BMA urges caution over five-year GP training programme

The BMA has called for caution over plans to launch a five-year GP training programme based almost entirely in primary care amid concerns that it could limit the breadth of trainees' medical experience.

GPonline revealed earlier this year that former BMA chair and London GP Sir Sam Everington was developing a scheme offering trainees a five-year general practice posting ‘straight out of medical school’, which could launch in the next ‘one to two years’.

The scheme, which Sir Sam says he is developing alongside Health Education England (HEE) and the GMC, would reduce significantly the amount of time a GP trainee spends in hospital posts.

Currently, medical graduates who want to become GPs complete a two-year foundation programme across a variety of medical environments before starting a three-year specialty training programme for general practice - half of which takes place in approved hospital posts.

GP training

According to Sir Sam - who chairs Tower Hamlets CCG in London - the programme will equip family doctors of the future with core primary care skills such as practice leadership, managing multimorbidities and team working.

However, BMA GP trainee subcommittee chair Dr Zoe Greaves warned that the programme could prove limiting for trainee GPs. She said: ‘We welcome any scheme that gives trainees more hands-on experience in primary care. That said, GP trainees also learn a great deal from well delivered secondary care experience, so the balance must be finely struck.’

Her words echo concerns raised by several GPonline readers, one of whom described the scheme as a ‘huge mistake’.

Workington GP Dr Angela Peel-White said that 'every working hour of every day as a GP' she used skills learned while working in hospital as a senior house officer or registrar.

She wrote: 'Huge mistake! Our profession should be widening out and primary care should be seen and recognised for what it is - one of the hardest branches of work - a specialism in itself which takes into account the spectrum of the full field of work.

‘If you want the best gatekeepers they should have the widest possible range of experience - not the least.’

Another reader wrote: ‘Knowing who and what is available in secondary care because you have trained together is, I think, incredibly important, as is the relationship between those in primary and secondary care. How is good communication to be fostered by working and training separately?’

GP workforce

Highlighting Sir Sam's comment that the programme would ‘significantly shorten’ the time it takes for trainees to become ‘really supportive’ to the primary care workforce, Dr Greaves warned that GP trainees must not be used to ‘prop up’ struggling practices.

‘Any discussion about GP trainees being ‘supportive’ to the primary care workforce should also be approached with caution,’ she said. ‘Trainees are just that, and should not be used to prop up practices struggling with staffing when their focus should be on learning – we would be incredibly concerned to hear of this happening in any setting.’

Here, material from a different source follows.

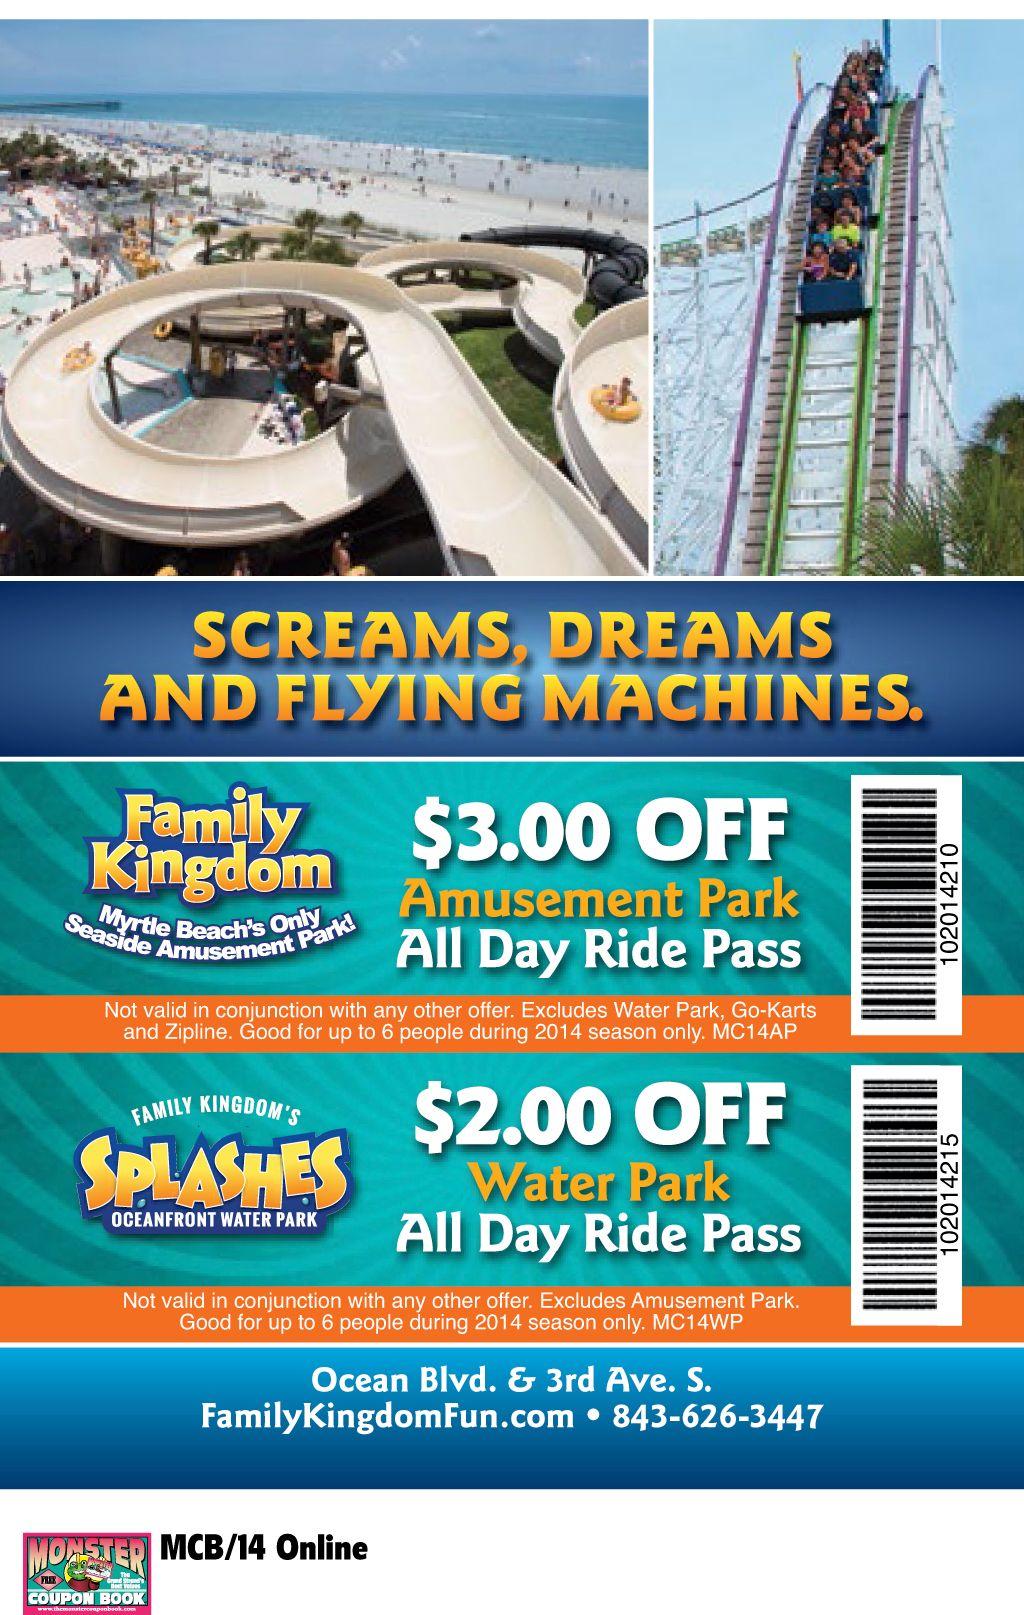 Family Kingdom S Splashes Water Park Myrtle Beach Resorts

She added: ‘While it is imperative that GP training is more focused on primary care, there is much to consider and we will be monitoring the progress of this scheme with great interest and look forward to seeing how it could more broadly benefit the training of future GPs.’

Pilot launch

The pilot GP training scheme could begin across seven pilot sites in East London by 2020/21. Sir Sam has predicted ‘enormous demand to accelerate the pilot across the country’ after the initial launch.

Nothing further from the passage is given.